Segment Start: Records to use
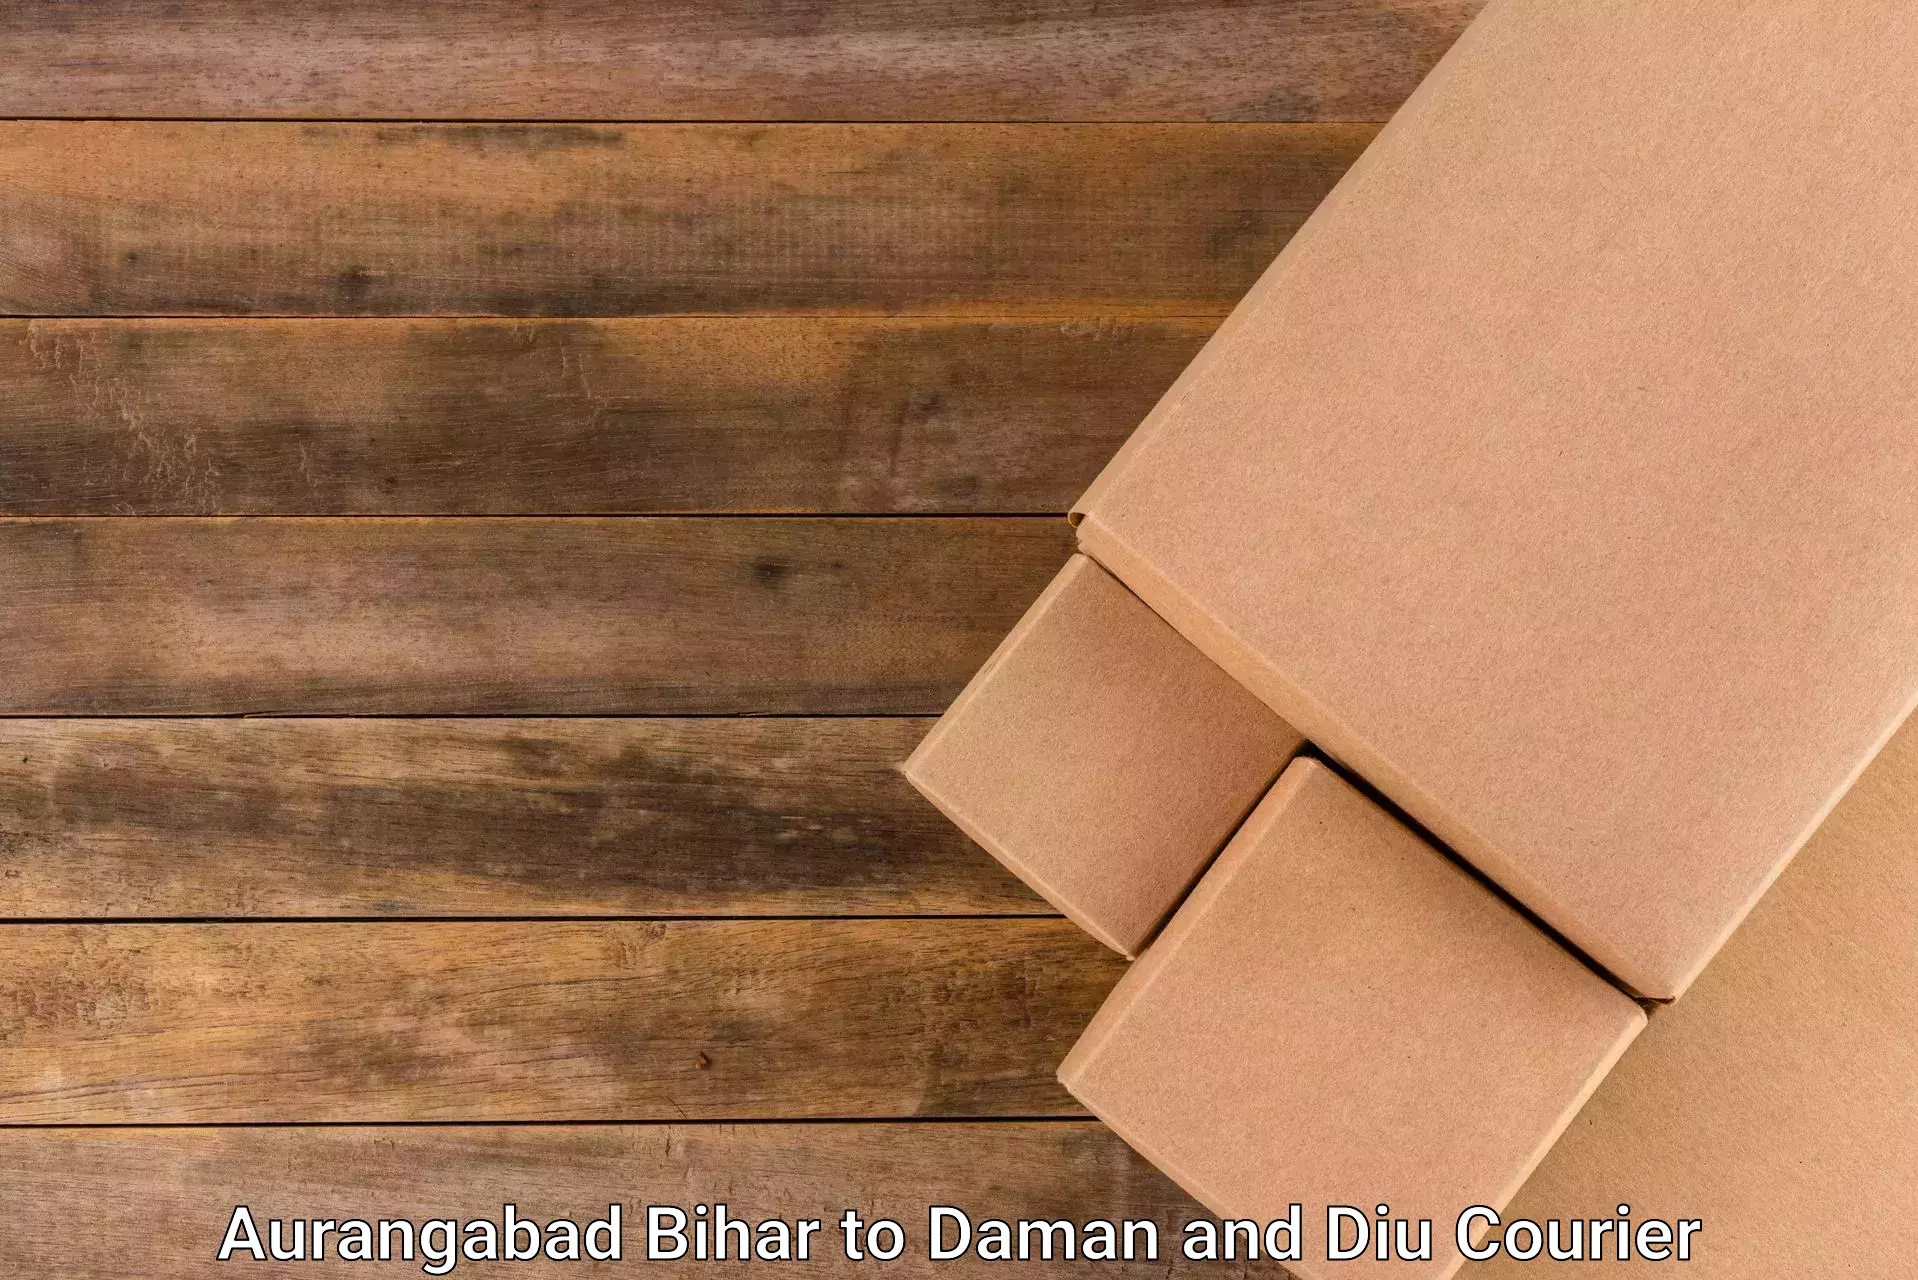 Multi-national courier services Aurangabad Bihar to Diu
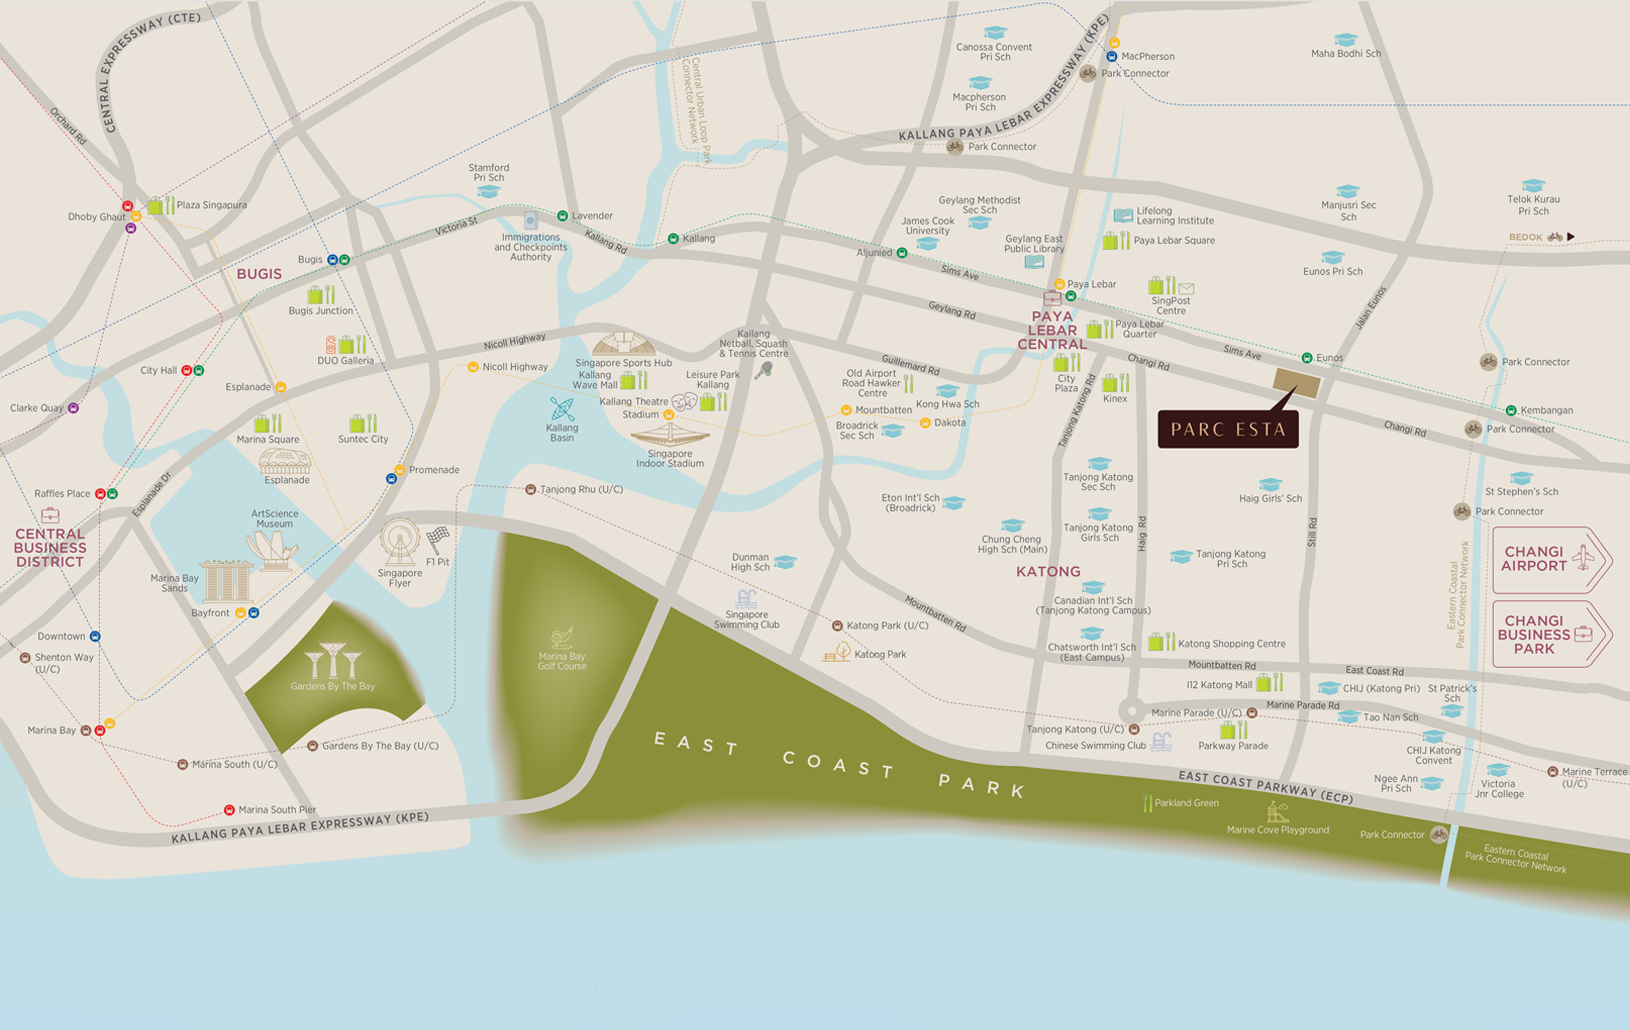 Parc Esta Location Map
Segment End: Records to use
Segment Start: Records to use
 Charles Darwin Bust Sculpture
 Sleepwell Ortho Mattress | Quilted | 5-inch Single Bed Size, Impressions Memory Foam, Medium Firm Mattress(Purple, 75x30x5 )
Segment End: Records to use
> [Directions] Look above for the line with "Charles Darwin Bust Sculpture" and the line with "Sleepwell Ortho Mattress"; transcribe both and all lines in between, exactly, and nothing else.

> [Result for this exercise]
 Charles Darwin Bust Sculpture
 Sleepwell Ortho Mattress | Quilted | 5-inch Single Bed Size, Impressions Memory Foam, Medium Firm Mattress(Purple, 75x30x5 )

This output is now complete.